入門篇の動画に続いて、実際にAdobe Analyticsを導入しようとなったときに便利な動画集の紹介です。
一般的にはAdobe Analyticsの導入は以下のプロセスで進めていきます。入門篇に出てきた分析サイクルとほぼ同じです。

Adobe Analyticsの解説動画がupdateされているので、まとめてみた(導入実践篇)

1. ビジネス要件定義書をつくる

ウェブ分析ツールの導入でBusiness Requirements Documents(ビジネス要件定義)、というと仰々しく聞こえるかもしれません。ここでは「分析プロジェクトにおけるビジネス上の課題解決は何かを特定すること」を「ビジネス要件」として捉えてもらえるとよいです。

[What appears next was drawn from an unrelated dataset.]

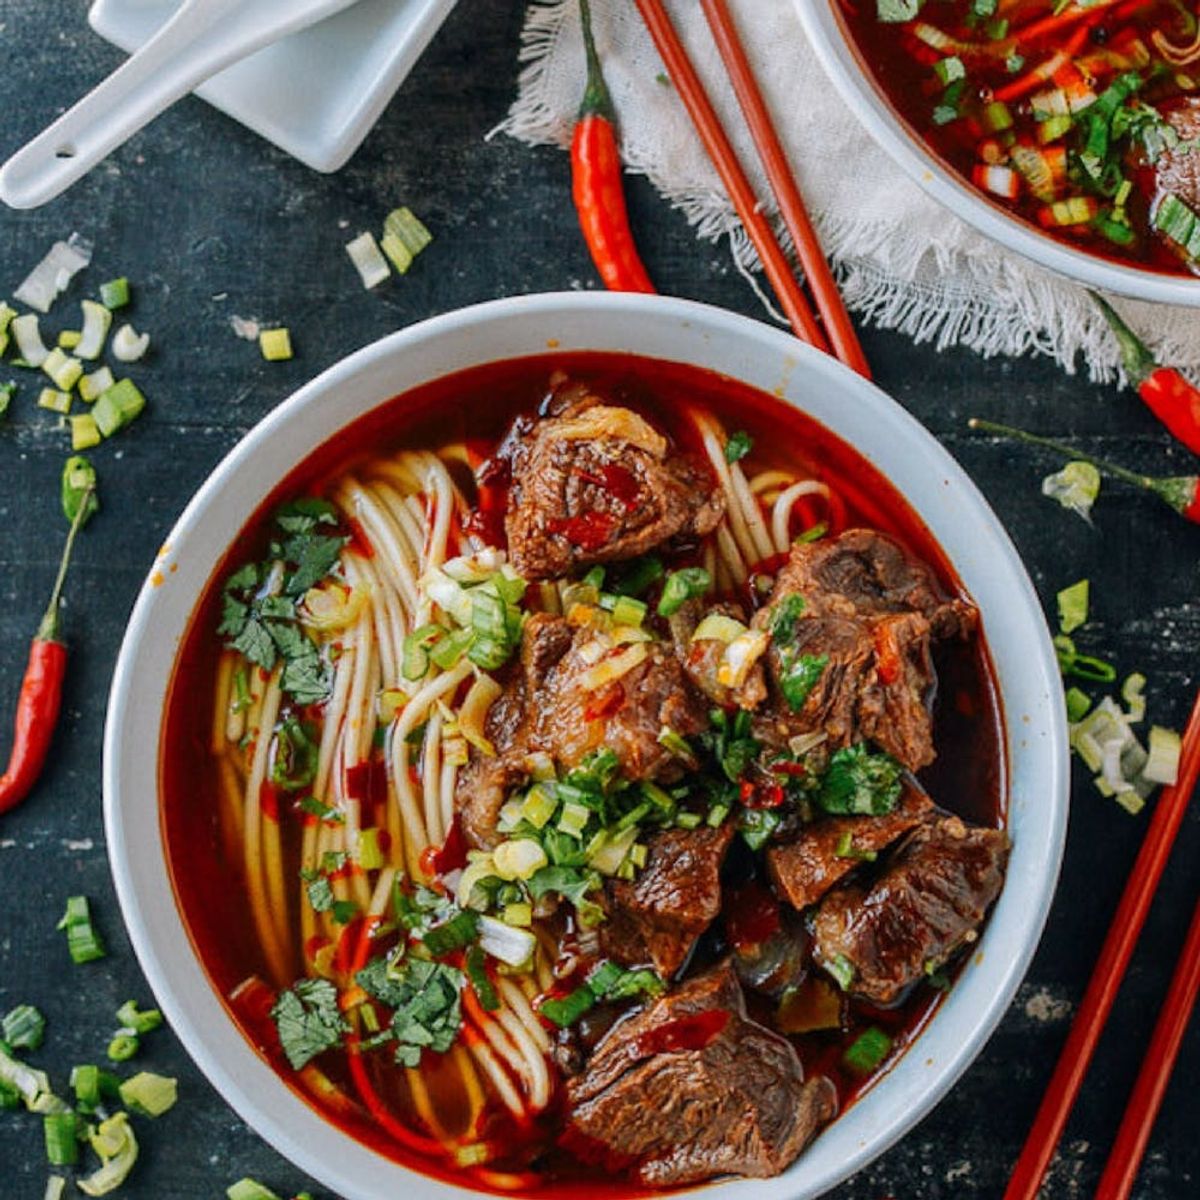 10 Amazing Vietnamese Dishes to Order (or Make) Other Than Pho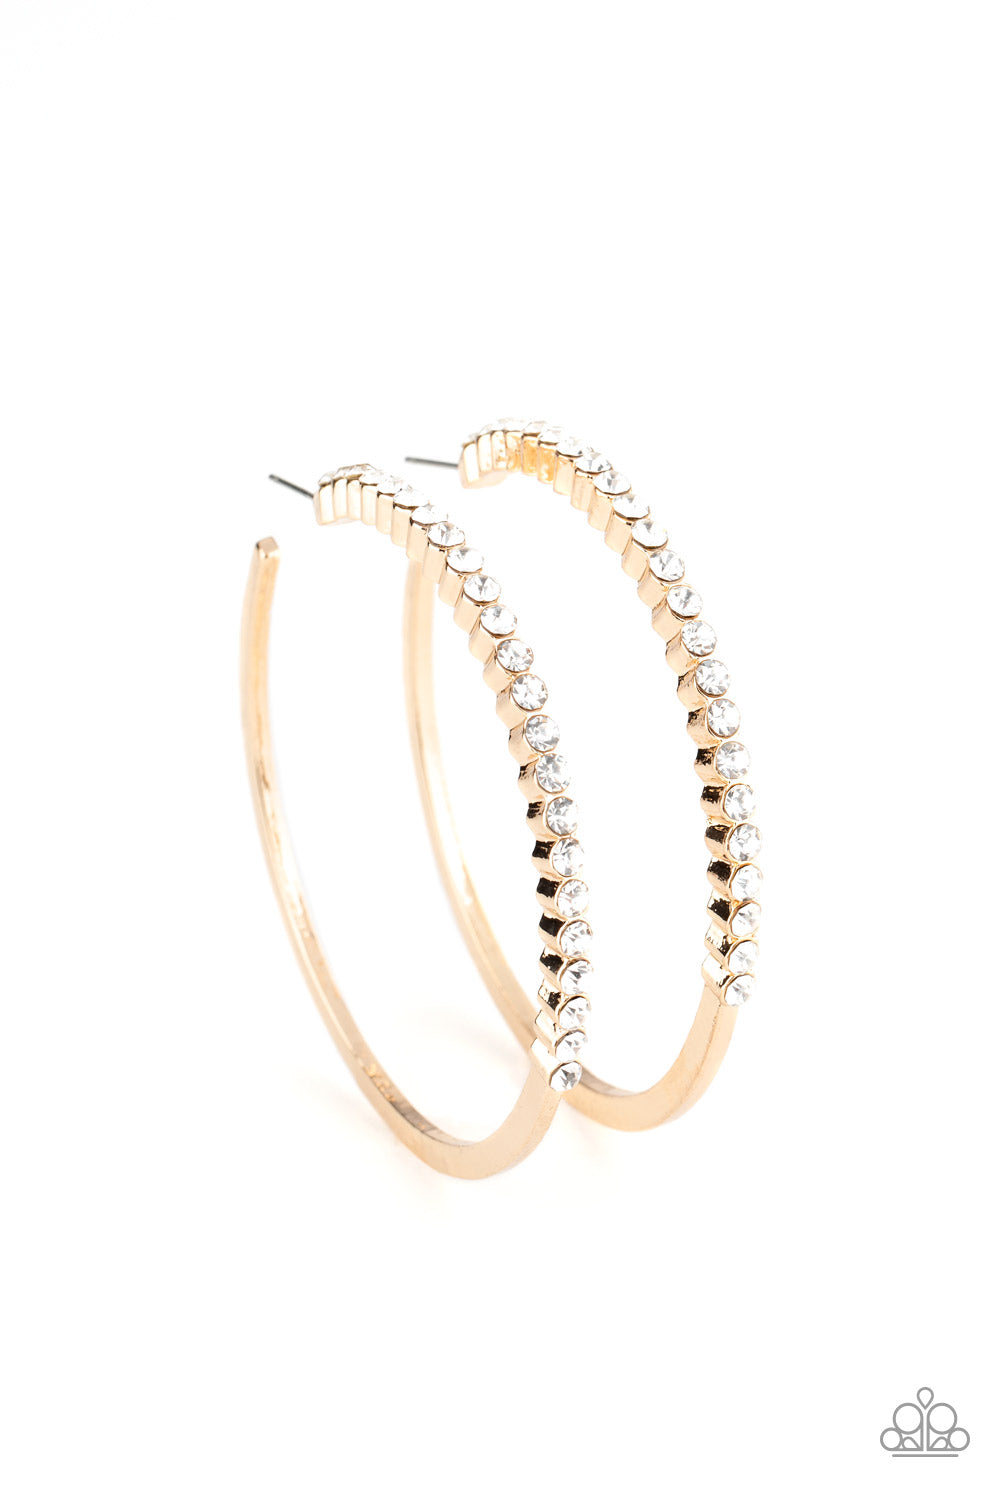 Paparazzi Making Rounds - Gold Hoop Earrings - A Finishing Touch Jewelry

分析ツールを入れて、何を知り、何に対する問題に気づき、解決策を考えたかったのか、という根本の部分を明確にすることで、計測するデータの無駄を省き(導入コストの節約)、導入直後の活用をスムーズにまわすことができます(運用管理コストの節約)。

実際に私が業務で携わるときにも、ここのプロセスは時間をかけます。いきなり「計測するデータは〜、設定は〜」、という話にはせず、何を知るための分析ツールなのか、を定めます。非常に重要なプロセスである一方、コミュニケーションの齟齬を生むことが多く、要件定義をめぐる混乱が現場でよく起きます。

うまく要件定義をするために必要な視点は、「全社にとって」「どの部門にとって」、「誰にとって」といった切り口で目的をブレイクダウンすること。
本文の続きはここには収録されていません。